▶ **Source data**
= Beginning of Section =
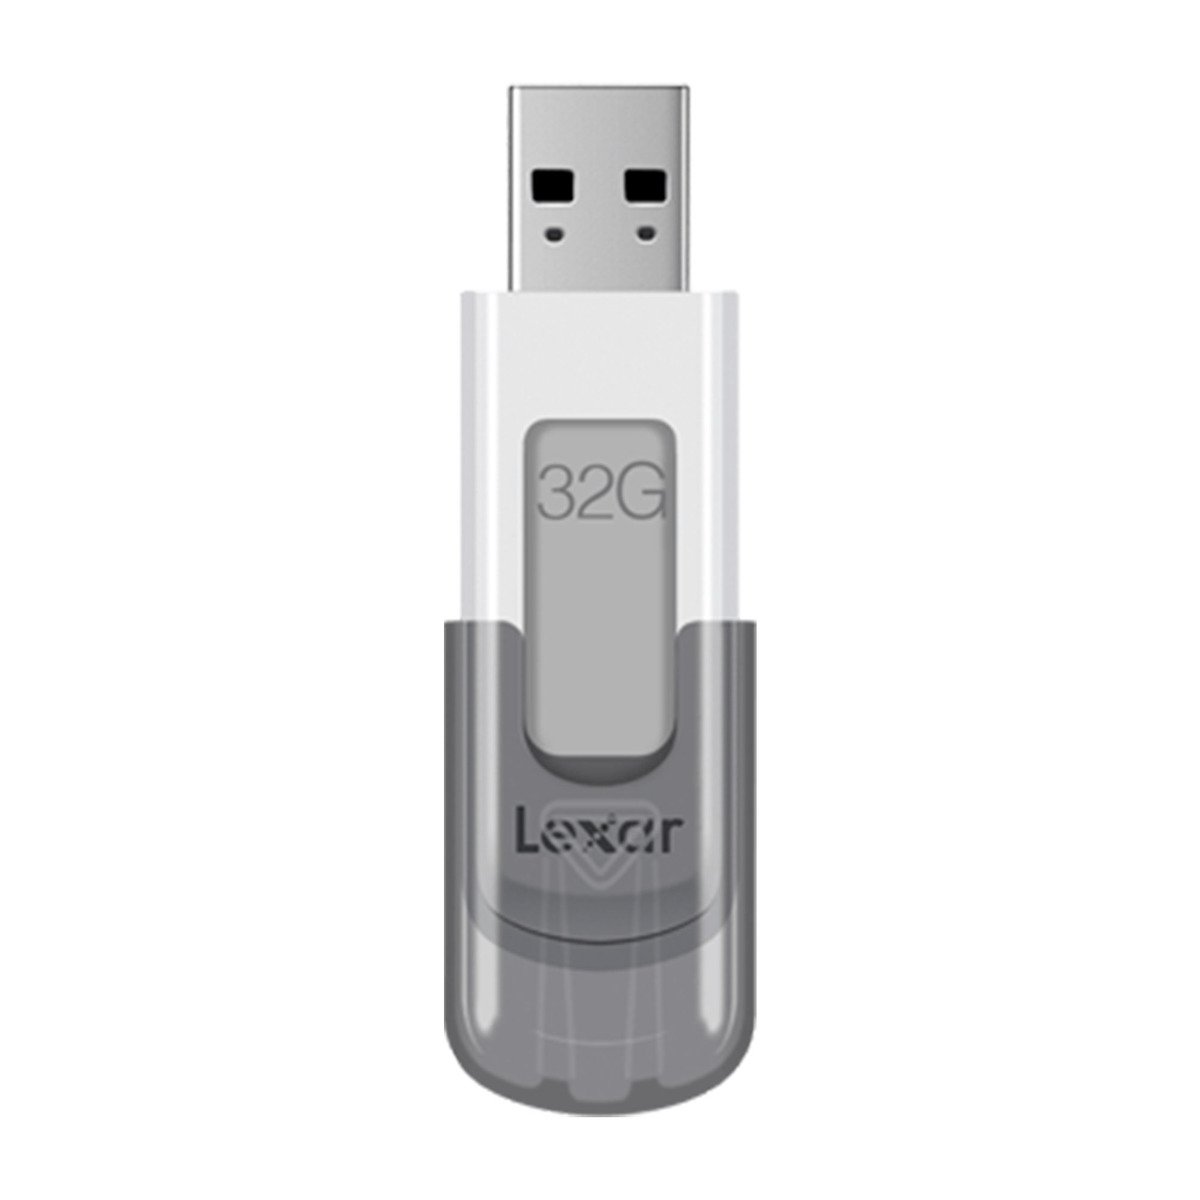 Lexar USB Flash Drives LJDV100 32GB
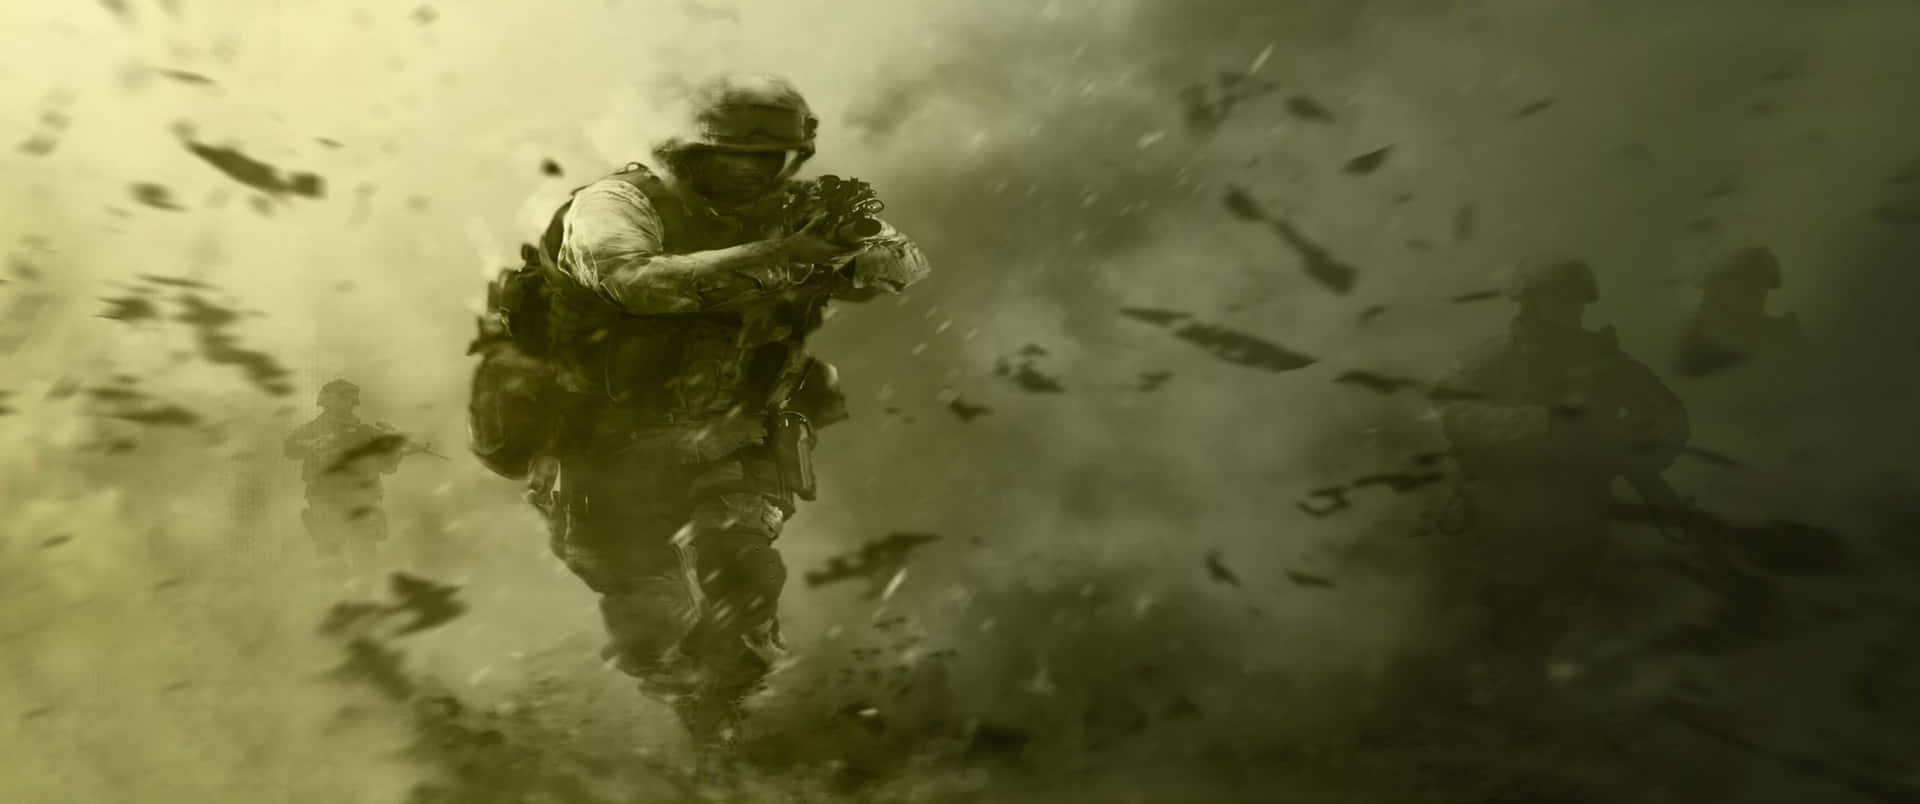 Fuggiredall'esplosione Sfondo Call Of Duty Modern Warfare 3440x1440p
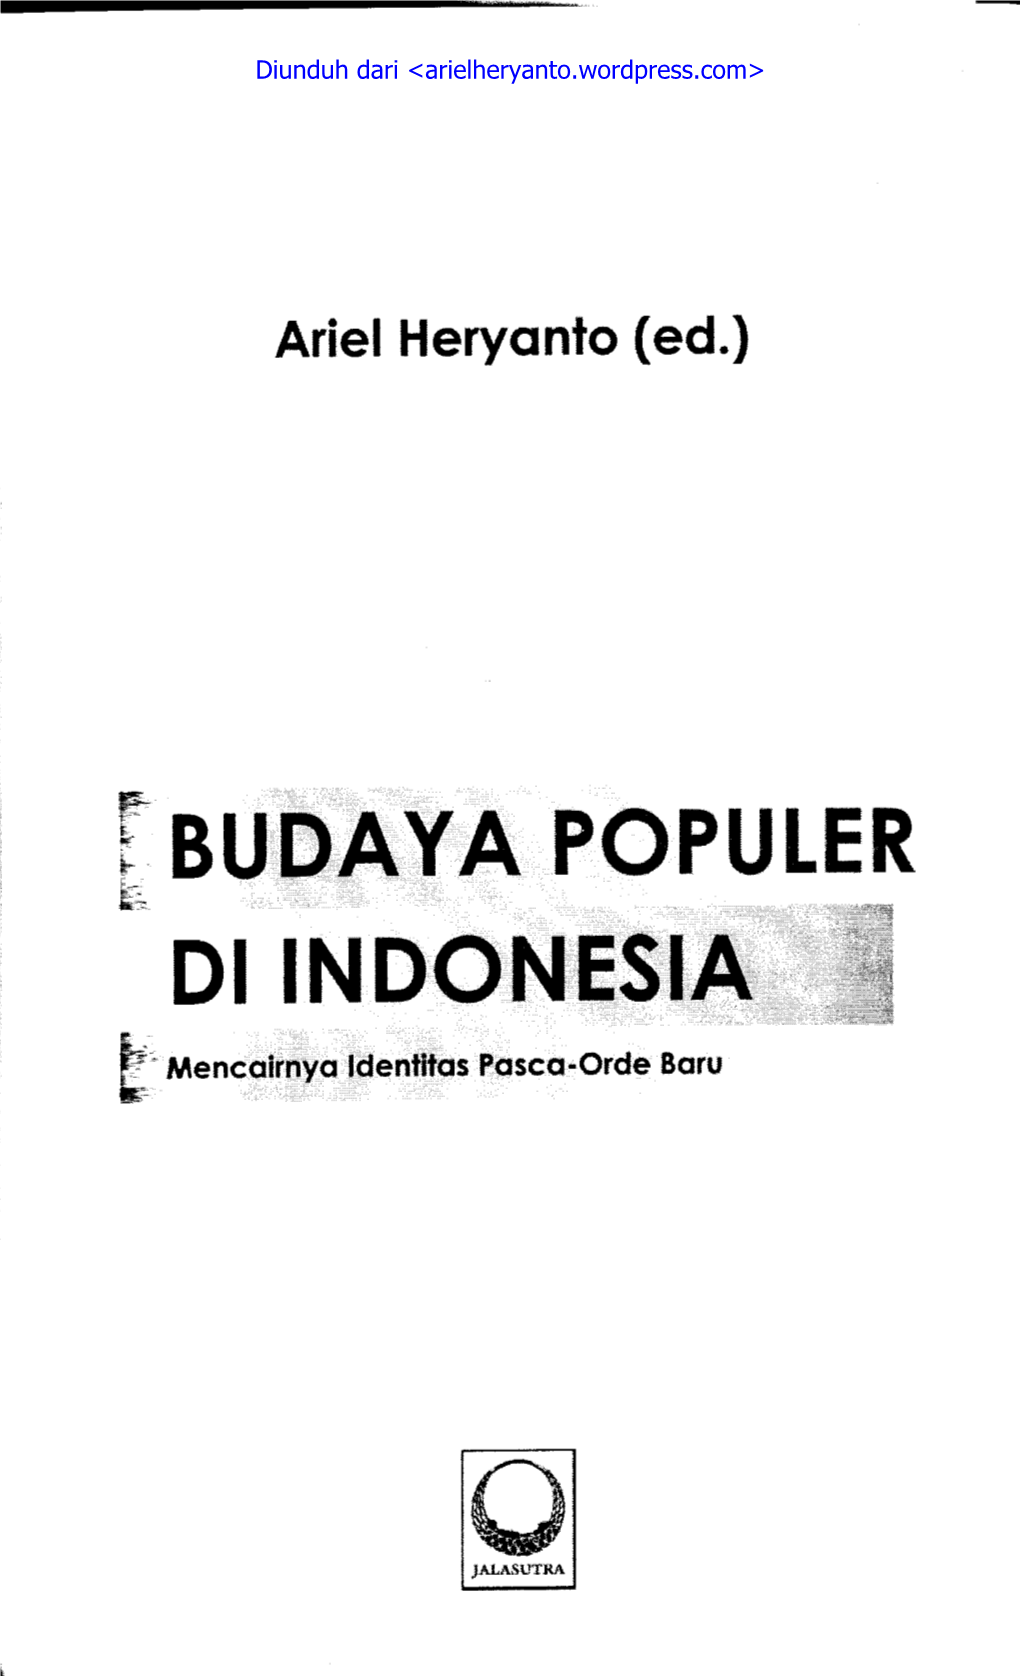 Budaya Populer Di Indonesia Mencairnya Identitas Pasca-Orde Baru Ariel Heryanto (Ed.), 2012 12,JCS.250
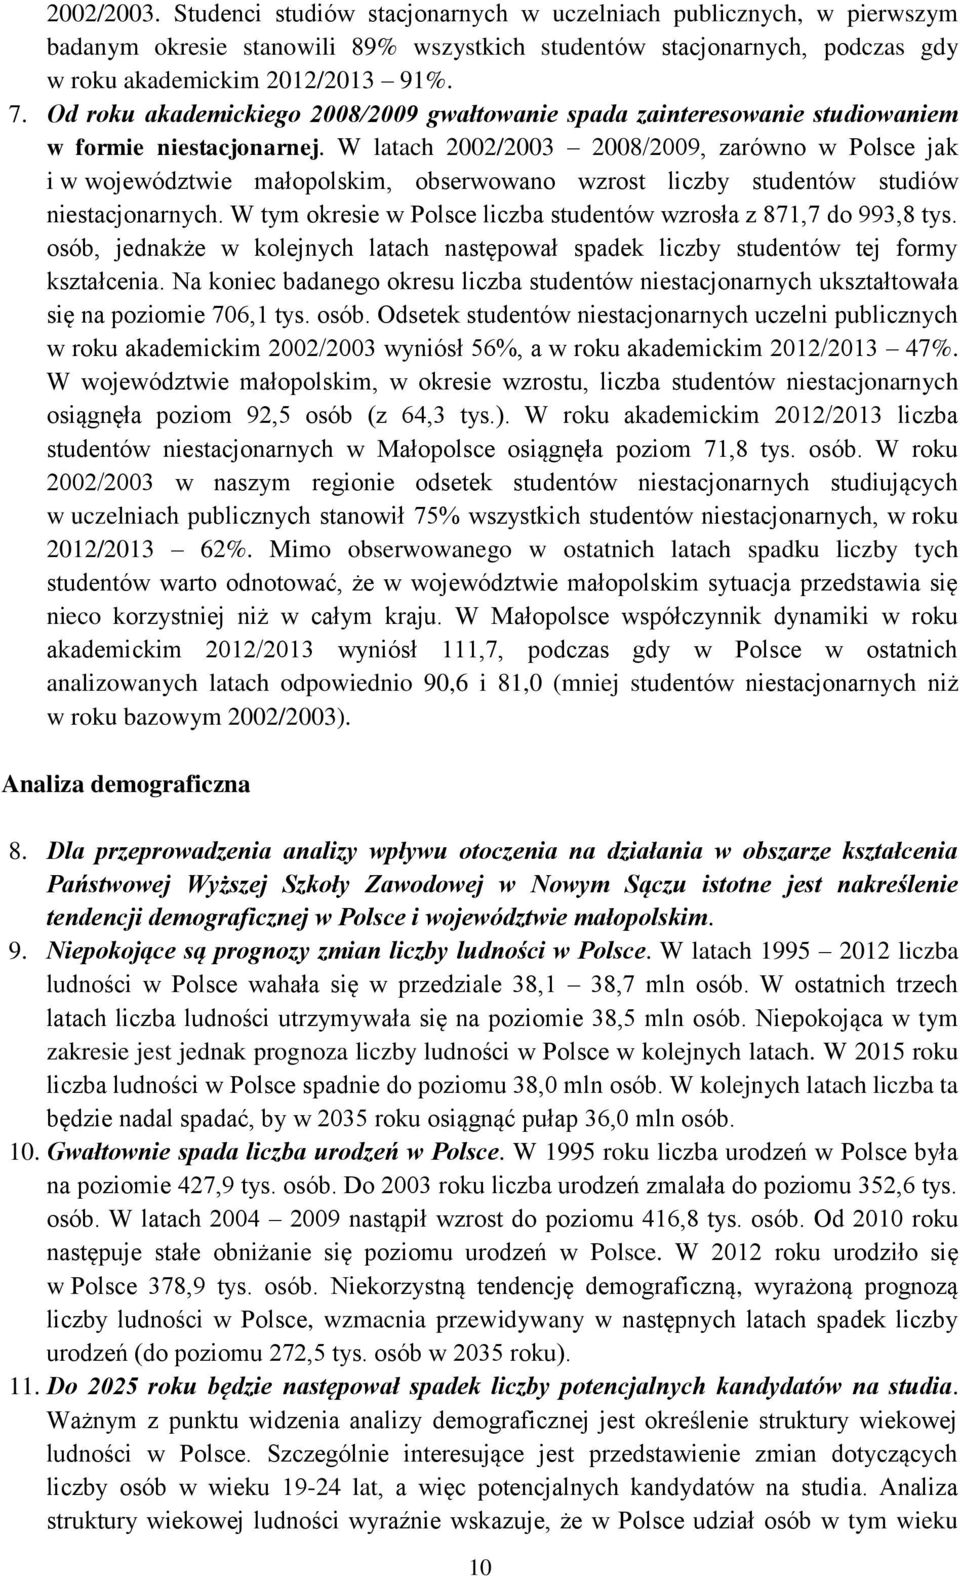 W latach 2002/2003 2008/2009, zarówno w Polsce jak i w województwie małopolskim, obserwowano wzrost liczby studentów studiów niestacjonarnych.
= End of Section =
▶ **Exercise**
When you repeat the data, keep every line exact and drop the images.

▶ **Exercise solution**
 Lexar USB Flash Drives LJDV100 32GB
 Fuggiredall'esplosione Sfondo Call Of Duty Modern Warfare 3440x1440p
 Budaya Populer Di Indonesia Mencairnya Identitas Pasca-Orde Baru Ariel Heryanto (Ed.), 2012 12,JCS.250
 W latach 2002/2003 2008/2009, zarówno w Polsce jak i w województwie małopolskim, obserwowano wzrost liczby studentów studiów niestacjonarnych.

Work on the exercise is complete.